== WHAT THIS TASK INVOLVES ==
Go line by line through the entries and show those that hold the string "ESSENTIAL".

**** EXTRACTED ENTRIES ****

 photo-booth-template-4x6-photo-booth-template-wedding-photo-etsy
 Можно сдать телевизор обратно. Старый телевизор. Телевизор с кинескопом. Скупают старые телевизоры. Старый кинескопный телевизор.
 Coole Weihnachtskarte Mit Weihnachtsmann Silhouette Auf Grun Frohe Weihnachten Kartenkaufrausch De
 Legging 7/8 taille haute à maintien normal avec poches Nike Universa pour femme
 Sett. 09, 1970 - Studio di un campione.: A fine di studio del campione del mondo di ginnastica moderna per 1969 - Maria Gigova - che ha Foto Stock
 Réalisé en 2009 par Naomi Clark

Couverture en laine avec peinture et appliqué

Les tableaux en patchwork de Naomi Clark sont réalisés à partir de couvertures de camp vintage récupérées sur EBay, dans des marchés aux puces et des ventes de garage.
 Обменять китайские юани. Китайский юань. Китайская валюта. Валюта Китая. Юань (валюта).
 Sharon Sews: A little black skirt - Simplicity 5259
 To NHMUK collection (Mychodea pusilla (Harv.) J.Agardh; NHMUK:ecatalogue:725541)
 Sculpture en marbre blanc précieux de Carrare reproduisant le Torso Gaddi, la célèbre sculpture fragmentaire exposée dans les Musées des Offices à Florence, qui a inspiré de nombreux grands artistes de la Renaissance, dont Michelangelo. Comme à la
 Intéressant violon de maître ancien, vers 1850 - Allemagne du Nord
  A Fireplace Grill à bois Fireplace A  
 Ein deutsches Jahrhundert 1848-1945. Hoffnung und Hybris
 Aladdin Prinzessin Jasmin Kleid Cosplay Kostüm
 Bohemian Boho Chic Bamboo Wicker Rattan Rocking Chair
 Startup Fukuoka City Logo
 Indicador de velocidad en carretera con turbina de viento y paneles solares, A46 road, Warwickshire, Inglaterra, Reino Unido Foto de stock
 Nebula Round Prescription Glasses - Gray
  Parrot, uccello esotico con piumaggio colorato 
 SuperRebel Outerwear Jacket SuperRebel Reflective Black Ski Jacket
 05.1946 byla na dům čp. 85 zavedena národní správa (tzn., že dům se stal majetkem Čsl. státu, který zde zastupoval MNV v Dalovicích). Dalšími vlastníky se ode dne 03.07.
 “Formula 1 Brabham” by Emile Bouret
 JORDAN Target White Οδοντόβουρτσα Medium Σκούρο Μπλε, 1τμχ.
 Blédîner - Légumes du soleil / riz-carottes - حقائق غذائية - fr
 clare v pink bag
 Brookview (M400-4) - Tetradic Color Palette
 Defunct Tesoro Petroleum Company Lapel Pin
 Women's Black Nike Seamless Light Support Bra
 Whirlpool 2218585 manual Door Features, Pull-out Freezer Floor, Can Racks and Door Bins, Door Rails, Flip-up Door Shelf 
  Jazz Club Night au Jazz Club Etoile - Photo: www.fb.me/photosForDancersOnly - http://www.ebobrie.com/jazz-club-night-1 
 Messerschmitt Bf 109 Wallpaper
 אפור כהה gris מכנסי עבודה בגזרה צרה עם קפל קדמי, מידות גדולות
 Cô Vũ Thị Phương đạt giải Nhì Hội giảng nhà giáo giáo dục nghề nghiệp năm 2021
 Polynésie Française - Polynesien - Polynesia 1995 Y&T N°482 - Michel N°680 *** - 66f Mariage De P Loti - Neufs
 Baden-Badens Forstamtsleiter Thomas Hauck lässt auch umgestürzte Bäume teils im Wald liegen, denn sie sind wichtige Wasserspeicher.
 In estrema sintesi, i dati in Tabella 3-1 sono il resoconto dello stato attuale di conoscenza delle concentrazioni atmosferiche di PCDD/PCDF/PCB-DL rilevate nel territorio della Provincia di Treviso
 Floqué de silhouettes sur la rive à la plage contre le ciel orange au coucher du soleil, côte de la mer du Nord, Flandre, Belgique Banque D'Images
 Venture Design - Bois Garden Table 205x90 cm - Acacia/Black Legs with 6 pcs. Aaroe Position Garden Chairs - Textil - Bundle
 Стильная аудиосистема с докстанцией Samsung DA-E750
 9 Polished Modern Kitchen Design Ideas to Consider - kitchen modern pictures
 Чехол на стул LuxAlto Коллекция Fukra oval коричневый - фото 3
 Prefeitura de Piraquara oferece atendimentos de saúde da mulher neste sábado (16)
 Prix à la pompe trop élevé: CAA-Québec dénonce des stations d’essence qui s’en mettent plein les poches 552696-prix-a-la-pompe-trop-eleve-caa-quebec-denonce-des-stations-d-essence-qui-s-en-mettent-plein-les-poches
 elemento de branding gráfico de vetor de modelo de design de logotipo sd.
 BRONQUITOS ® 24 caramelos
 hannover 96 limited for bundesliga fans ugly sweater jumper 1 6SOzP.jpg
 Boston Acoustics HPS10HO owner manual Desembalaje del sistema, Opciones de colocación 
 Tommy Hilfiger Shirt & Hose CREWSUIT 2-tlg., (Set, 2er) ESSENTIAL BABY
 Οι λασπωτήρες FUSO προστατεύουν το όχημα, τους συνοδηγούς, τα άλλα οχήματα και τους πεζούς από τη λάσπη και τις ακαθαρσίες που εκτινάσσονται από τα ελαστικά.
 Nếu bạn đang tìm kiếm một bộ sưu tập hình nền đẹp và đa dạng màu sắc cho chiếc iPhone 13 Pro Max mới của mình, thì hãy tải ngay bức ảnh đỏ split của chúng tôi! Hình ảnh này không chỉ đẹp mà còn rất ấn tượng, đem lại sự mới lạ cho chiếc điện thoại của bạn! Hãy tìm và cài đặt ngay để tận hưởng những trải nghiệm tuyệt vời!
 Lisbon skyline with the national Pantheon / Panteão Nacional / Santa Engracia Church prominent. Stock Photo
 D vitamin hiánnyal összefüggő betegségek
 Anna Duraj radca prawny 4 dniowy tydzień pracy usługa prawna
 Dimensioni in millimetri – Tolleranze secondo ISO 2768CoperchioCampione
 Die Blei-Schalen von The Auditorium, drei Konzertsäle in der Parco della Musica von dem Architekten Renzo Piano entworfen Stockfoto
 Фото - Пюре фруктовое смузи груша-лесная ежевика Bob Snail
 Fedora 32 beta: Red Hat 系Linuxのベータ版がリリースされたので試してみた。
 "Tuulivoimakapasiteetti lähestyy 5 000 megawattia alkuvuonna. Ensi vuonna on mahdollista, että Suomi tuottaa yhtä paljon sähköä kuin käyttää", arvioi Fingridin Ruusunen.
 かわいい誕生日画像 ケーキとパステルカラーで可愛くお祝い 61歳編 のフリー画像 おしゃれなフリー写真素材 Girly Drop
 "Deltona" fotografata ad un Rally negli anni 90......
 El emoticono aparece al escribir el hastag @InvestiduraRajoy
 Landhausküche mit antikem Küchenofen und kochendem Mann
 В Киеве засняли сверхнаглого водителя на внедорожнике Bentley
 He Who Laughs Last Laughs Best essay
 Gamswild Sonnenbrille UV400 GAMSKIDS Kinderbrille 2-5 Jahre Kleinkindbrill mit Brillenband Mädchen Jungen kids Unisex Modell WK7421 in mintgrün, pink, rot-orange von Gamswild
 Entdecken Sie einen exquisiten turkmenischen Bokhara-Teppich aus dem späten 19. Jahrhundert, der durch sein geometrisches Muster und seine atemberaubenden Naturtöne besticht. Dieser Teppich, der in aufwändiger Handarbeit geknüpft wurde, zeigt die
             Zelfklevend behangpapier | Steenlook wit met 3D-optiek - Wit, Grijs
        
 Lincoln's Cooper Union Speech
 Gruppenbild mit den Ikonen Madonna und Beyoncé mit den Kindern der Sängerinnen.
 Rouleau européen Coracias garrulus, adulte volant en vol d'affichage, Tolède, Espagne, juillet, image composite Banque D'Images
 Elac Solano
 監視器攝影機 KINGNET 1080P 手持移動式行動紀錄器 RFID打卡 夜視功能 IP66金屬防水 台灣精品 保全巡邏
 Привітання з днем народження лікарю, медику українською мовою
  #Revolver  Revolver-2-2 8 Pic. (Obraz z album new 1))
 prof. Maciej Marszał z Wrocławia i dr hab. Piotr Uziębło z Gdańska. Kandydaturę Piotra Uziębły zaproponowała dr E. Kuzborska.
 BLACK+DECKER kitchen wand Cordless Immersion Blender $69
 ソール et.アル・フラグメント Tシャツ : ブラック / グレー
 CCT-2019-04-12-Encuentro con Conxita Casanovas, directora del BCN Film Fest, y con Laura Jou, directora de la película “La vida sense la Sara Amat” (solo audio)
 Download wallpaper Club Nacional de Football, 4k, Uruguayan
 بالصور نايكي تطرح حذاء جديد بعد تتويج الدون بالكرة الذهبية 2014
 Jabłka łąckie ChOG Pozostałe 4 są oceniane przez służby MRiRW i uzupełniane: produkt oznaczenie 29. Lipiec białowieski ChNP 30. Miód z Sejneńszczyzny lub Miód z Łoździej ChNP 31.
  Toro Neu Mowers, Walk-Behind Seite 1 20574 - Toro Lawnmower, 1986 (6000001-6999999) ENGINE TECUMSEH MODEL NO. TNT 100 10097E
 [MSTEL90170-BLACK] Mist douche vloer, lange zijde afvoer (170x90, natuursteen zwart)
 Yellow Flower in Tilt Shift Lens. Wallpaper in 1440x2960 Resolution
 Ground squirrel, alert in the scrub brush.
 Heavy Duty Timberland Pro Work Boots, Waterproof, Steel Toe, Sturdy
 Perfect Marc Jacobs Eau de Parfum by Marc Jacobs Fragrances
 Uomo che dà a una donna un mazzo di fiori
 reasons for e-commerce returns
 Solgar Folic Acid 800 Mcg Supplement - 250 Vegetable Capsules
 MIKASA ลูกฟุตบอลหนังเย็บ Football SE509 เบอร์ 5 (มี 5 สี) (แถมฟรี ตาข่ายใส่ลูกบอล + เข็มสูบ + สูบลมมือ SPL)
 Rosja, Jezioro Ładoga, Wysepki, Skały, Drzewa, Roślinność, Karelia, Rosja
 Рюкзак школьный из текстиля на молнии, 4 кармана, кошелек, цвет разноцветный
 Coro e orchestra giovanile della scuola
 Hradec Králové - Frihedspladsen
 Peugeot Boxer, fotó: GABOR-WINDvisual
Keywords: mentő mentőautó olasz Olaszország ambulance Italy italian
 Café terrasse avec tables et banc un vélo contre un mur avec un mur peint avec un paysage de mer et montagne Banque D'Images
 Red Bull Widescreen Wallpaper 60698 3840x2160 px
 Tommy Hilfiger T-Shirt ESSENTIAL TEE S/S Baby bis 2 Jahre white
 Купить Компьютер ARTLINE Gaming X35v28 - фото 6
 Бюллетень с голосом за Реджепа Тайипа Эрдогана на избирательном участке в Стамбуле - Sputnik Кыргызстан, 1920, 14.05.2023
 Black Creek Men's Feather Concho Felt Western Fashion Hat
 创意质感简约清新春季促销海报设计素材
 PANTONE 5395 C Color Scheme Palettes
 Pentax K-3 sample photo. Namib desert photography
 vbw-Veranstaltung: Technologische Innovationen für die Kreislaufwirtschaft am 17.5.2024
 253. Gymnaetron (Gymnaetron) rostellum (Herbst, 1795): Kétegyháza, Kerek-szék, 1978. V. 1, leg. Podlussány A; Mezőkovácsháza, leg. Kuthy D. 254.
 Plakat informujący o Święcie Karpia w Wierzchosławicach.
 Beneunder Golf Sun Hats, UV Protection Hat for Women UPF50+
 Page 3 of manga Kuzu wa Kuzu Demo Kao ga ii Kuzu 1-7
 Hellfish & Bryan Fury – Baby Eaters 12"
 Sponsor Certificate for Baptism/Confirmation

****

== RESPONSE AREA ==
 Tommy Hilfiger Shirt & Hose CREWSUIT 2-tlg., (Set, 2er) ESSENTIAL BABY
 Tommy Hilfiger T-Shirt ESSENTIAL TEE S/S Baby bis 2 Jahre white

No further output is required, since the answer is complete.